Required action:
Every line between the top of the data below and the line with "Viking Odin Large", both ends included, must be retyped exactly.

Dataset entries
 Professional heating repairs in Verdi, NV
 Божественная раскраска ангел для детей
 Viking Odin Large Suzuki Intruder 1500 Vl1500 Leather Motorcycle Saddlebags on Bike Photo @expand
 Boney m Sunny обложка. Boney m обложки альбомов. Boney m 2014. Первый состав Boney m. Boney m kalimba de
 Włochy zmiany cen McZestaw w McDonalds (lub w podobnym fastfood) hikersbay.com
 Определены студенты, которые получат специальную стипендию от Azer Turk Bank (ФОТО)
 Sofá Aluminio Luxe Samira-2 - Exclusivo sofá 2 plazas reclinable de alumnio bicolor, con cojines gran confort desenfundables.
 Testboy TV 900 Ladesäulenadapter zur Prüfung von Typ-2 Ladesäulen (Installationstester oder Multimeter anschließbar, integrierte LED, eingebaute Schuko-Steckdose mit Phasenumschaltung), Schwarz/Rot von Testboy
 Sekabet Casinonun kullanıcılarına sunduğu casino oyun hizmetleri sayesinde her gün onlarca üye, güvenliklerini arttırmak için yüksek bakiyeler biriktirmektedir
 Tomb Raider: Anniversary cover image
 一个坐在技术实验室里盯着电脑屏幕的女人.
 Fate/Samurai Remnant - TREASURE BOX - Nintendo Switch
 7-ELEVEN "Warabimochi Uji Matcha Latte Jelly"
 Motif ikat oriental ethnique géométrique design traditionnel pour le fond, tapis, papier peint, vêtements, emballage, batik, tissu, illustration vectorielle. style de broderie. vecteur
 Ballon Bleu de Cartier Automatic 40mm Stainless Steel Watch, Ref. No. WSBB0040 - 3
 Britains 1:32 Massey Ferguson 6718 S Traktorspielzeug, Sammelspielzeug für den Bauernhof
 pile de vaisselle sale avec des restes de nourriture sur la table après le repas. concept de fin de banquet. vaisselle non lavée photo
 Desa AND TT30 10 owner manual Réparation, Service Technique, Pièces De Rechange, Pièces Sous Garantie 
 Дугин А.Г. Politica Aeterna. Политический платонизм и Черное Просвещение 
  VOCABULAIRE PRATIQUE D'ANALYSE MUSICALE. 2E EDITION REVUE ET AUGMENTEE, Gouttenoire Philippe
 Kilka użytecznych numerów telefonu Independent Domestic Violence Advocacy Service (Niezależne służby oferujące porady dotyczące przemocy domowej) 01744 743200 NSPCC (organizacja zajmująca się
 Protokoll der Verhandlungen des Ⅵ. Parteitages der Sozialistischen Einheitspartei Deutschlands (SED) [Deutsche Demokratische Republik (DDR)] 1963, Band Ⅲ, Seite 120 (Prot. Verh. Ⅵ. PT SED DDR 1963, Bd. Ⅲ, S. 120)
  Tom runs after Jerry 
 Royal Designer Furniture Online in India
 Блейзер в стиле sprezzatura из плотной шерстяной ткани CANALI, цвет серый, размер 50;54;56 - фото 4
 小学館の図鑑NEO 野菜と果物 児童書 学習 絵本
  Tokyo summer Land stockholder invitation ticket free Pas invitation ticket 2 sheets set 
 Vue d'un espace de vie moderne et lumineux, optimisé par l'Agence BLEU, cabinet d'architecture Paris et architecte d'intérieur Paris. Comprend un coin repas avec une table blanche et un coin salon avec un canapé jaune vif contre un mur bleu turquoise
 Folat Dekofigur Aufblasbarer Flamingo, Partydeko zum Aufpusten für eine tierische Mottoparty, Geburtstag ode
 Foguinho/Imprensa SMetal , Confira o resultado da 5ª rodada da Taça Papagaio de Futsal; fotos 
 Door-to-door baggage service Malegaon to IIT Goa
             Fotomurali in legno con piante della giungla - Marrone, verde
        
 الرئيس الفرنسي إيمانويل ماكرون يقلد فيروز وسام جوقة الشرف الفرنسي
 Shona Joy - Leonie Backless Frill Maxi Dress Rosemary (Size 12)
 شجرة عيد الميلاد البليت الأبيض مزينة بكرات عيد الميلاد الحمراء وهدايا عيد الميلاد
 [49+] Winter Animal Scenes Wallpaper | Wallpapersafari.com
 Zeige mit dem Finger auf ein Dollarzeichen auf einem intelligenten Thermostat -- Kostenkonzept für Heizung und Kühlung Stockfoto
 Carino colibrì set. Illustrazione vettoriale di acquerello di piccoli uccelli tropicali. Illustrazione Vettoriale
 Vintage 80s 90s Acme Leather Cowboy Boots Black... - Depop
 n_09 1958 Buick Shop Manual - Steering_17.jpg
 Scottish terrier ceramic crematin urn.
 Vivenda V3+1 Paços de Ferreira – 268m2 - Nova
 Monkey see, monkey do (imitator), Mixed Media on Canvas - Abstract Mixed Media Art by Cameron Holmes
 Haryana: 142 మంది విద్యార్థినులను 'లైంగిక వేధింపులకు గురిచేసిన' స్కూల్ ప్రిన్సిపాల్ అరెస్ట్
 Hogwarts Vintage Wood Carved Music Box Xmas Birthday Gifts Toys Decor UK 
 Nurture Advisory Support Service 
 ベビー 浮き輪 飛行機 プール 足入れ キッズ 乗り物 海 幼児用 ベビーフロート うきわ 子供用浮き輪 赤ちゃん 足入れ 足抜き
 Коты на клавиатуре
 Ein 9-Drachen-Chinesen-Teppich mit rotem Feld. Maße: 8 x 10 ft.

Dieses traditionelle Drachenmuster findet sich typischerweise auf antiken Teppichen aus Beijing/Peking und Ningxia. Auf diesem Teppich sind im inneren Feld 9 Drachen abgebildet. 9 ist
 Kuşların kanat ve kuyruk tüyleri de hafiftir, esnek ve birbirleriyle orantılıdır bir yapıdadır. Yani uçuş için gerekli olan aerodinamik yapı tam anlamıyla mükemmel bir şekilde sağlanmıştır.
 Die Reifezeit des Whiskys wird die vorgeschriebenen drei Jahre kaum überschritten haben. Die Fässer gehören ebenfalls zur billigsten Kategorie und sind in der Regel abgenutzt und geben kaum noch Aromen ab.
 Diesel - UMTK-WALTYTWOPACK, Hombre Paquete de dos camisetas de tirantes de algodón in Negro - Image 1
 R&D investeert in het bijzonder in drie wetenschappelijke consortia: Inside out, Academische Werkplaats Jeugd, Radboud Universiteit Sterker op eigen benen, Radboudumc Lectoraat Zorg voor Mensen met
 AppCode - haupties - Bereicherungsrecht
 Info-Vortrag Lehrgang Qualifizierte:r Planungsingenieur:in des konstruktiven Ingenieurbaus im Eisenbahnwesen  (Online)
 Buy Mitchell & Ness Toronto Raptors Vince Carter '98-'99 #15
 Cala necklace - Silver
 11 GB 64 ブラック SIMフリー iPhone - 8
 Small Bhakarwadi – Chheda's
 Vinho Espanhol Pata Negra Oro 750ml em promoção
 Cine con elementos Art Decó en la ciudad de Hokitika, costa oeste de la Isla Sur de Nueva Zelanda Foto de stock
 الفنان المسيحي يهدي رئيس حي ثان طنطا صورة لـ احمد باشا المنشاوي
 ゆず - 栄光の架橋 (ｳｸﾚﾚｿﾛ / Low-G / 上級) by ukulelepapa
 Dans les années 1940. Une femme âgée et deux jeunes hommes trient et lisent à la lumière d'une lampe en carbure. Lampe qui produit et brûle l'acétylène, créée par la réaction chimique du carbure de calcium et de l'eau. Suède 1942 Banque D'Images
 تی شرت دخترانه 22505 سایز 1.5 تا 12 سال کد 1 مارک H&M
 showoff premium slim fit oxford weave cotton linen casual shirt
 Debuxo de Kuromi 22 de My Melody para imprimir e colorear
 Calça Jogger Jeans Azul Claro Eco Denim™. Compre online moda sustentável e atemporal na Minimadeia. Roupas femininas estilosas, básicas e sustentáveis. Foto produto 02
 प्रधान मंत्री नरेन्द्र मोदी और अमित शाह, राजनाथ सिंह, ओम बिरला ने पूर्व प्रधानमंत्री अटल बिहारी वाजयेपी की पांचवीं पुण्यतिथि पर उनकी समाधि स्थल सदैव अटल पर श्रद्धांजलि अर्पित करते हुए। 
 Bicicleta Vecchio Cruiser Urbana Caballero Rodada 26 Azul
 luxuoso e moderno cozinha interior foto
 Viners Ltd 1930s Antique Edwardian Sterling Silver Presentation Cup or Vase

Answer section:
 Professional heating repairs in Verdi, NV
 Божественная раскраска ангел для детей
 Viking Odin Large Suzuki Intruder 1500 Vl1500 Leather Motorcycle Saddlebags on Bike Photo @expand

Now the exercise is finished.